There are about 30 different shaped used to label UFO sighting events. There are going to be a lot of visual load. I have cut off data point before 1950 because values are too small. How I have selected 5 out of 30 shapes is by use “Pearson’s R”(x are year, y are frequency) which are great at spotting consistent line like relationship (but not arch. See Schober et al, 2018). For this reason I’ve select those “Pearson’s R” is higher than 45 %.

Methodologically, I feel a bit unsettled because prior 200. Low level of data are collected. As how term frequency is measured, the variance in early years will be much higher than those in later years. It is possible that Pearson’s R is high or low simply because of a random deviant from early year which is lack of data. I supposed a better approach would be re-patch data use “uneven” time interval. For example, before 1950 aggregate data point by every 5 years, after 2000 aggregated data point by every quarter. I suppose those subject to further study.

Never the less, this method successfully delivered “clear” trends for the visual.

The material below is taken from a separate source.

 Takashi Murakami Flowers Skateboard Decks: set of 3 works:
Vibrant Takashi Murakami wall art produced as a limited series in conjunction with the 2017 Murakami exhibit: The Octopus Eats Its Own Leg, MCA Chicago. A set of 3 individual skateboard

We see less proportion of UFO event describe “cigar”, “disk” or “oval” and more describe “triangle” or “light”. The most obvious trend is “disk”, At 1950, nearly half record describe “UFO” sighting as disk. Towards the end this is only 3%.

Conclusion

Has different species of Alien been visiting earth? I don’t think so! I too wondered why it has to be “green” or “red” light. Surely advanced civilization should appreciated different color. I quickly goggled “military aircraft” and immediately realize what the “green” and “red” color are. Here a quote from Wikipedia:

“Some navigation lights are colour-coded red and green to aid traffic control by identifying the craft’s orientation. Their placement is mandated by international conventions or civil authorities such as the International Maritime Organization (IMO).”

I think those people has just been seeing airplanes. Specially that those in the high population density area witness more UFO events. Finally UFOs are often seen after dark around 20:00. That could also explains why so many description mentioned light.

For those keen UFO enthusiasm looking for genuine sightings, they will now have to filter through possible dozens of false alert. Or of course, if they are smart, they could gather description of “airplane sighting”, training a model and use to to filter out those false alert. That is a rabbit hole I’ve been trying to avoid.